But respectable people shouldn’t be indignant
if I can’t do anything in my life.
 
You wander on the streets almost all night long,
dreaming a thousand fairy tales of glory and revenge;
you tell your stories to a few, tired men
who laugh staring at you with an empty, blank look.
 
You play a role that’s inconvenient to people,
turning life into a funny comedy.
 
I even tried to work:
I got down to it sparing no efforts,
but the only result of the experiment
was a dramatic increase in my hunger.
 
Well-to-do people shouldn’t resent it
if I do not comply to bearing chains.
 
They gave you a job in a big restaurant,
washing the leftovers of elegant people,
but you used to say ‟the sky is my only fortune”

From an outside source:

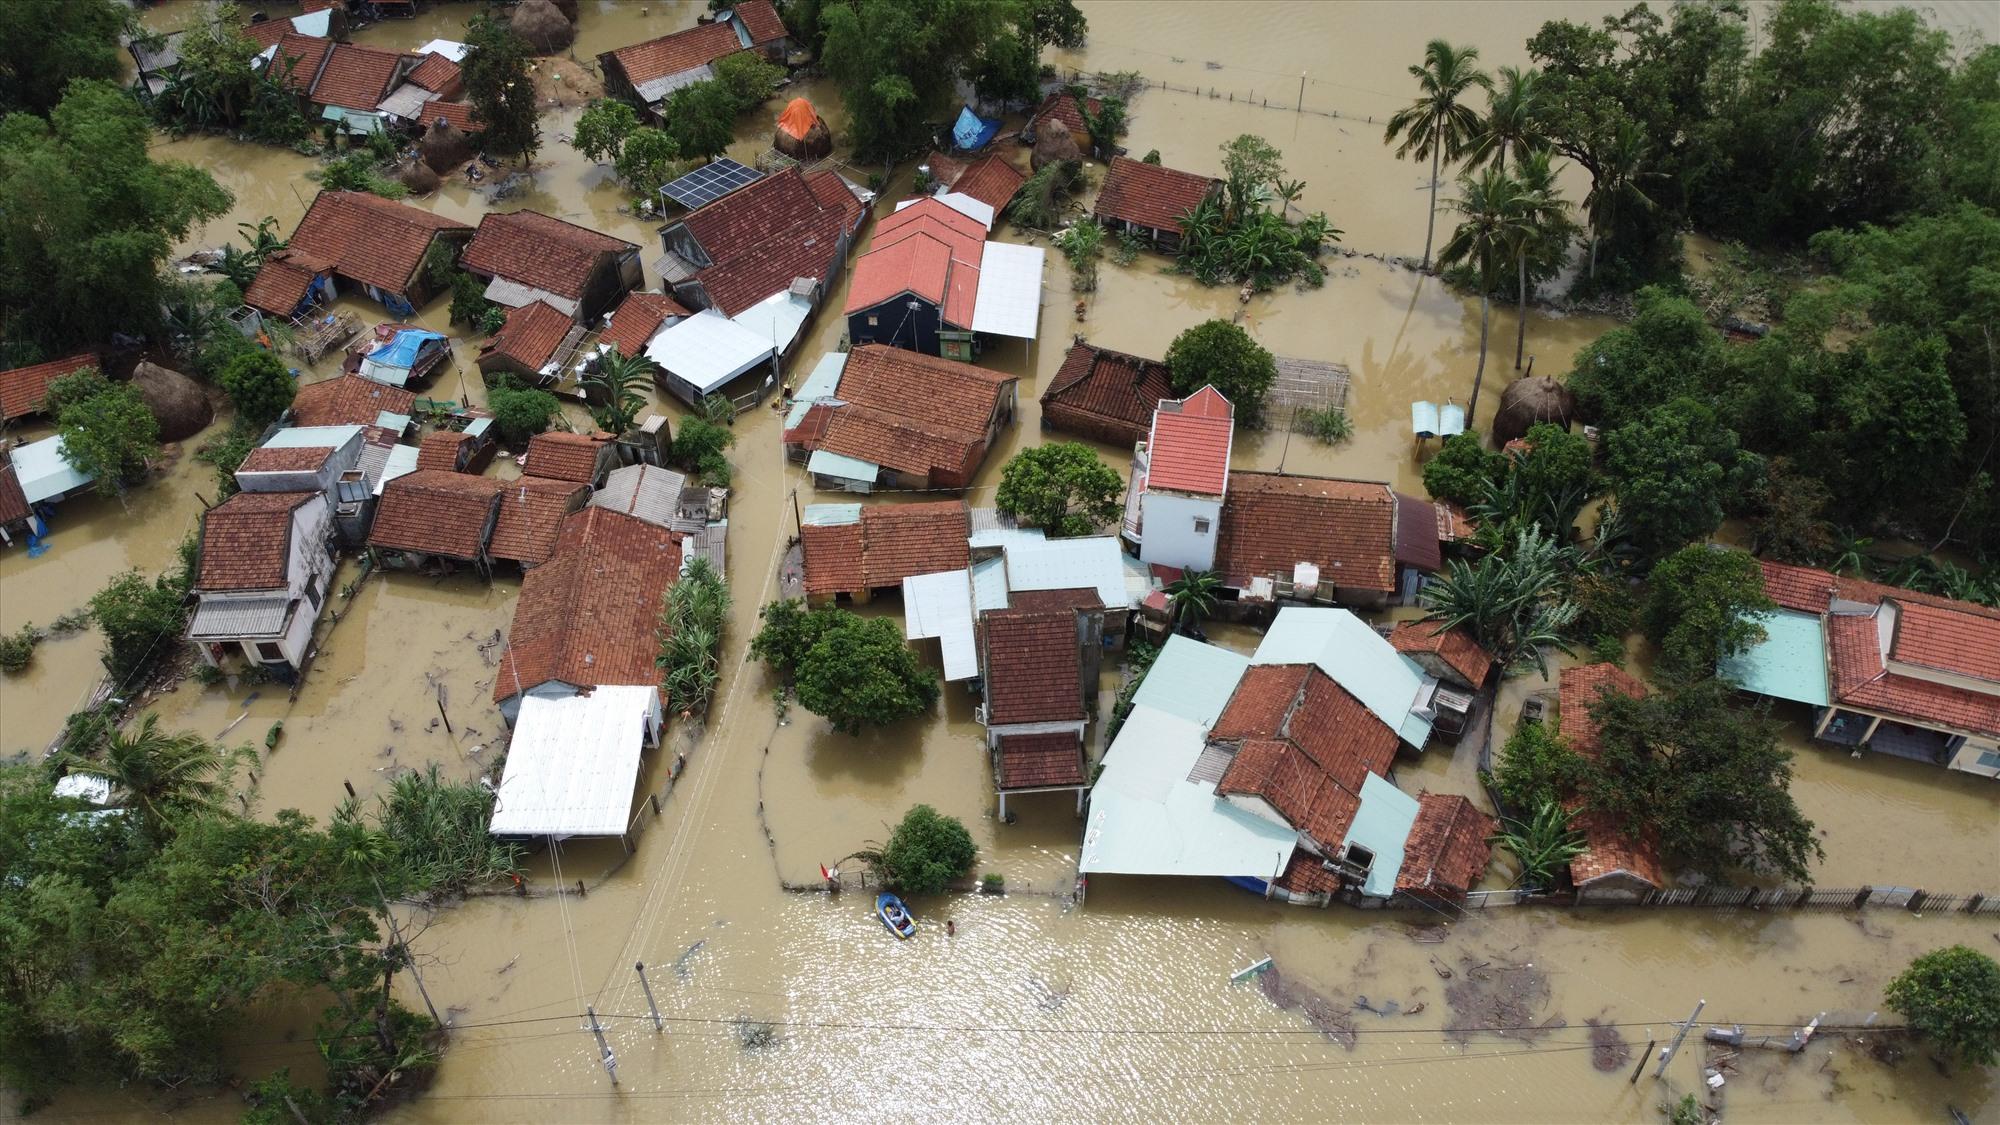 Hàng nghìn ngôi nhà ở Quảng Nam chìm trong lũ dữ. Ảnh: L.T

and the dish water doesn’t reflect the moon.
 
You went back to singing stories along the streets, by night,
defying the good mood of your broken shoes.
 
After all, I’m not such an evil dog,
without morality, a beggar and a stray animal,
that contents itself with a small bone1
throw at it with tender disdain.
 
The loafer’s heart does beat;
the stray dog found his love.
 
You thought about marriage as a spin on the dance floor,
you loved your woman like a vacation day,
you took your house as a refuge for your slackness,
as a coat rack where to hang your jacket.
 
And your sweet bride consoled her sorrow
looking among people for someone who offered her some tenderness.
 
She has gone making no sound,
maybe singing a love song,
she was telling it to a tired world
that was walking distractedly by her side.
 
She’ll come back on a summer night,
the enchanted stars will clap for her.
 
From above, the streetlamps will brighten
the strange dance of two loafers;
the moon will be a silvery color
over the backs of cats in love.
 
  • 1. X bucato {holey X} refers to something of no value at all (like soldo bucato = holey coin).
You can use my translations however you like.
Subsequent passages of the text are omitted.